Итак, законодатель должен изучить склонности своего народа, чтобы знать черту, на которой ему следовало бы остановиться и противостоять им.
Но он, как сказано, должен и частично бороться с ними, так как закон для государства должен быть тем же, чем для отдельного человека является закон нравственный, иначе это будет лишь полицейское предписание. Такой закон означает длительное принуждение с целью исцеления, он налагает путы на гибельные страсти, пресекает вредные поползновения и опасные причуды, нейтрализует эгоистические побуждения. Точнее сказать, он становится разумным «я», сдерживающим «я» страстное. Именно это подразумевает Монтескьё, когда замечает, что нравы должны исправлять условия человеческого существования, а законы — исправлять нравы.
Следовательно, закон должен в какой-то степени противиться устремлениям народа, он должен стать правилом, которое народ почитает благим и оттого немного любит, почитает суровым и оттого немного боится, почитает в определенной мере враждебным себе и оттого немного ненавидит, почитает необходимым и оттого уважает.
Именно такой закон законодателю следует разработать, а значит, он обязан хорошо знать душу народа, для которого он трудится, понимать ту часть души, что станет сопротивляться, и ту, что примет его нововведения, понимать, что не приведет к ропоту, а чем он рискует вызвать неповиновение.
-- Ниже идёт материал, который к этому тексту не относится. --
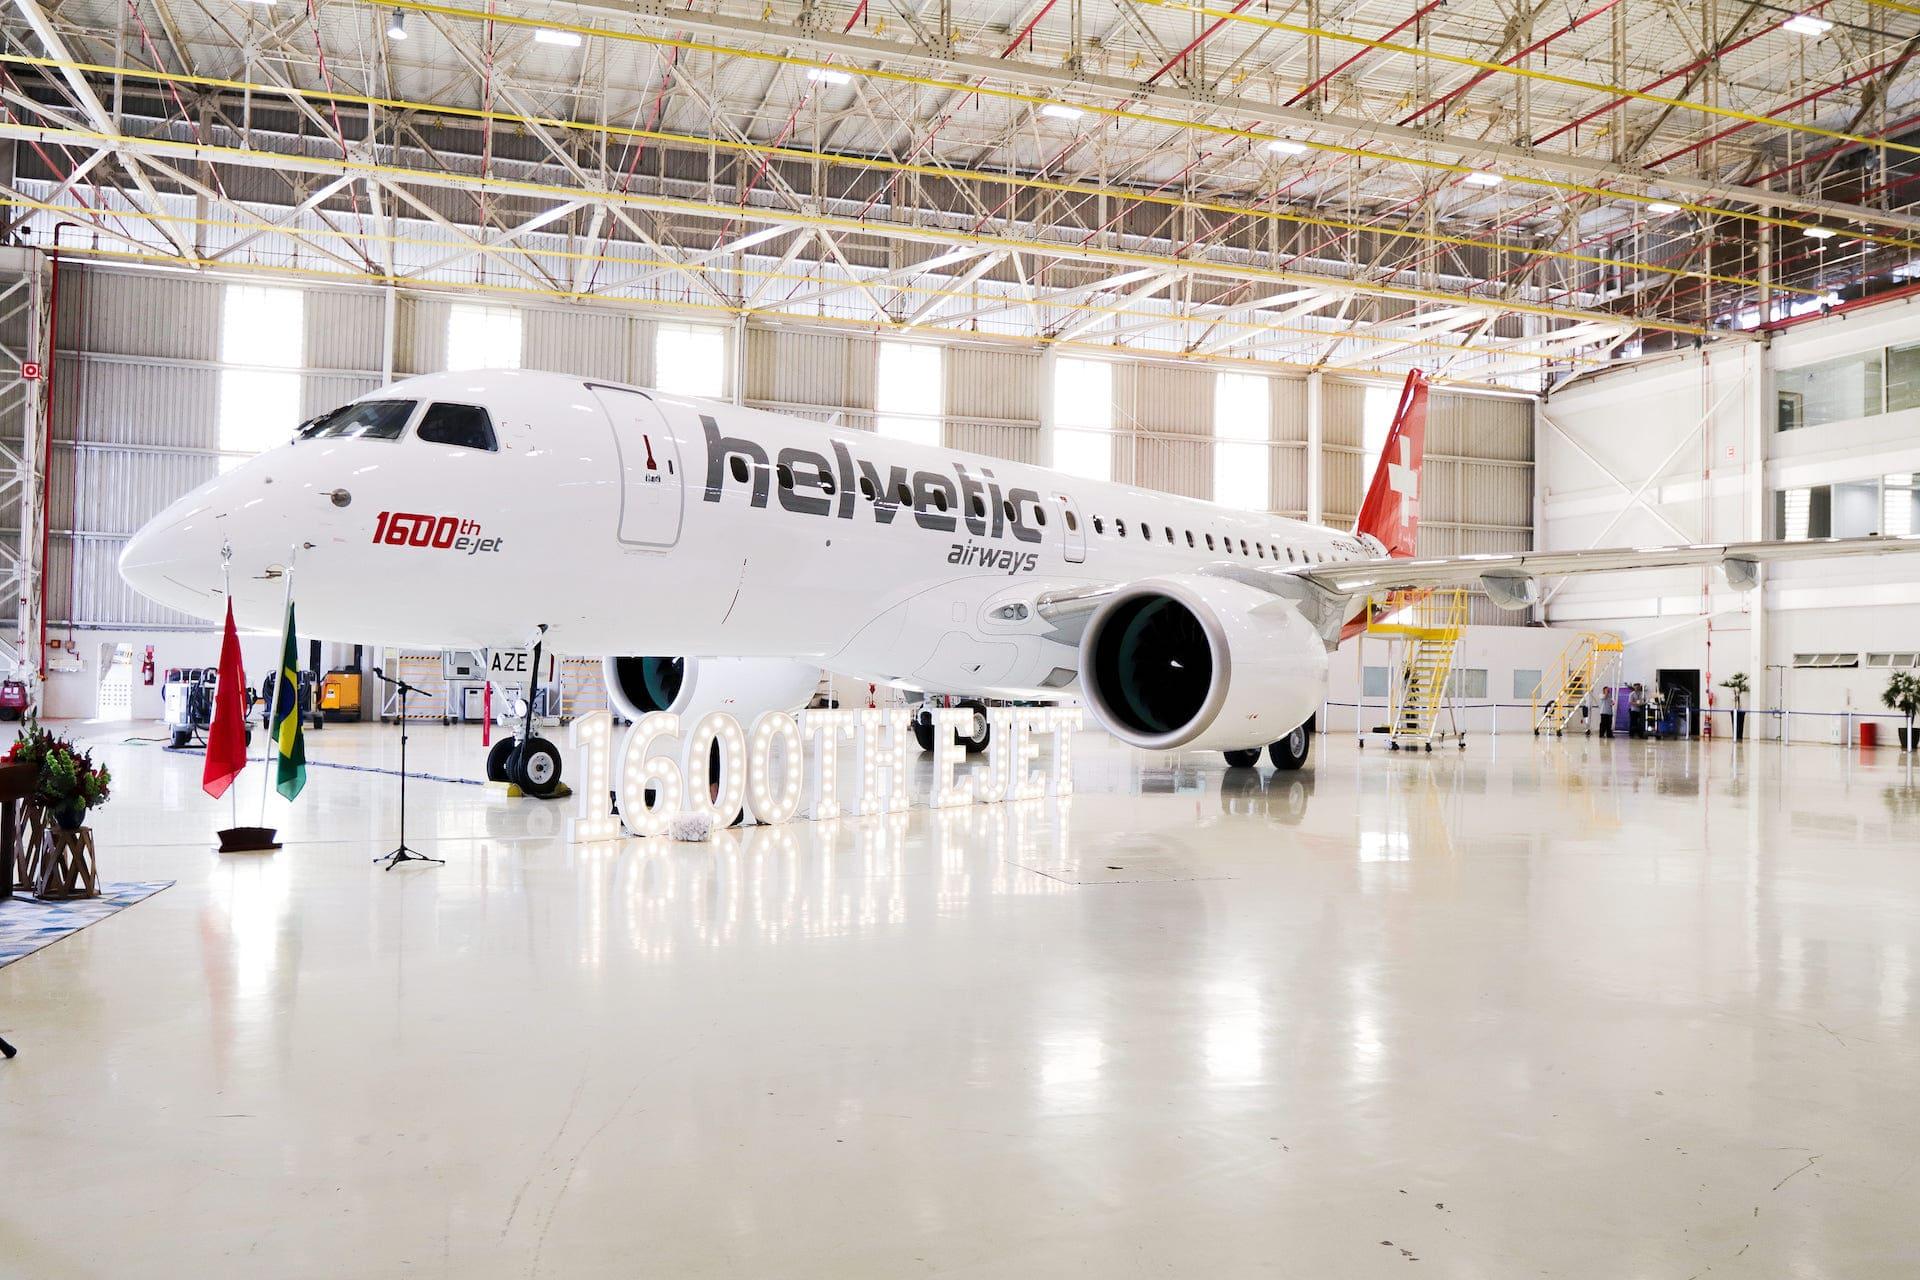 Embraer E190-E2 Helvetic Airways

Вот главное, в чем он должен разбираться.
Кроме того, ему надо быть бесстрастным. «Сдержанность», добродетель, столь ценимая Цицероном, — вещь чрезвычайно редкая, если говорить о сдержанности в полном смысле слова, подразумевая под этим равновесие души и духа. Тем не менее это основополагающее качество законодателя. «Думаю, я и написал данную работу, — говорит Монтескьё, — потому что хотел доказать: законодателю нужно проявлять сдержанность, качество, заключающее в себе благо с политической и моральной точки зрения».
Нет ничего труднее для человека, чем противостоять страстям, и нет, следовательно, ничего труднее для законодателя, чем противостоять страстям народа, если, конечно, забыть на время о его, законодателя, собственных страстях. «Аристотель, — пишет Монтескьё, — хотел совладать то с завистью к Платону, то со страстной любовью к Александру. Платон возмущался тираническим характером афинских граждан. Макиавелли сотворил себе кумира в лице герцога Валентино. Томас Мор, основываясь, скорее, на прочитанном, нежели на своих собственных мыслях, призывал править государством со всей простотой, будто это греческий город. У Харингтона всегда перед глазами была английская республика, а многие другие писатели прозревали хаос везде, где не было королевской власти. На пути к справедливому закону всегда стоят страсти и предрассудки законодателя — либо его личные, либо те, что он разделяет со всем народом. Иногда закон пробивает себе дорогу, но страсти и предрассудки накладывают на него свой отпечаток, иногда же он полностью становится их отражением».
А как раз этого не должно быть. Надо, чтобы законодатель играл в обществе ту же роль, какую в человеке играет совесть, знал людские страсти, всю их глубину, всю их значимость, не давал обмануть себя их притягательностью, притворством, сменой обличья, то борясь с ними напрямую, то противясь им по очереди, то содействуя слегка одной из них в ущерб другой, более страшной, то отступая на время, то переходя в контратаку, — всегда искусный, находчивый, сдержанный, никогда не дающий враждебным страстям нанести ему урон, запугать, отвлечь, обмануть, направить его не по той дороге.
Ему придется даже быть, так сказать, совестливее, чем сама совесть, он не должен забывать, что разрабатывает закон не только для других, но и для себя, что он должен будет подчиняться своим же решениям, — semel jussit semper paruit[3]. Ему надо быть в буквальном смысле слова беспристрастным, что для него гораздо сложнее, чем для совестливого, — перед человеческой совестью такая проблема не стоит.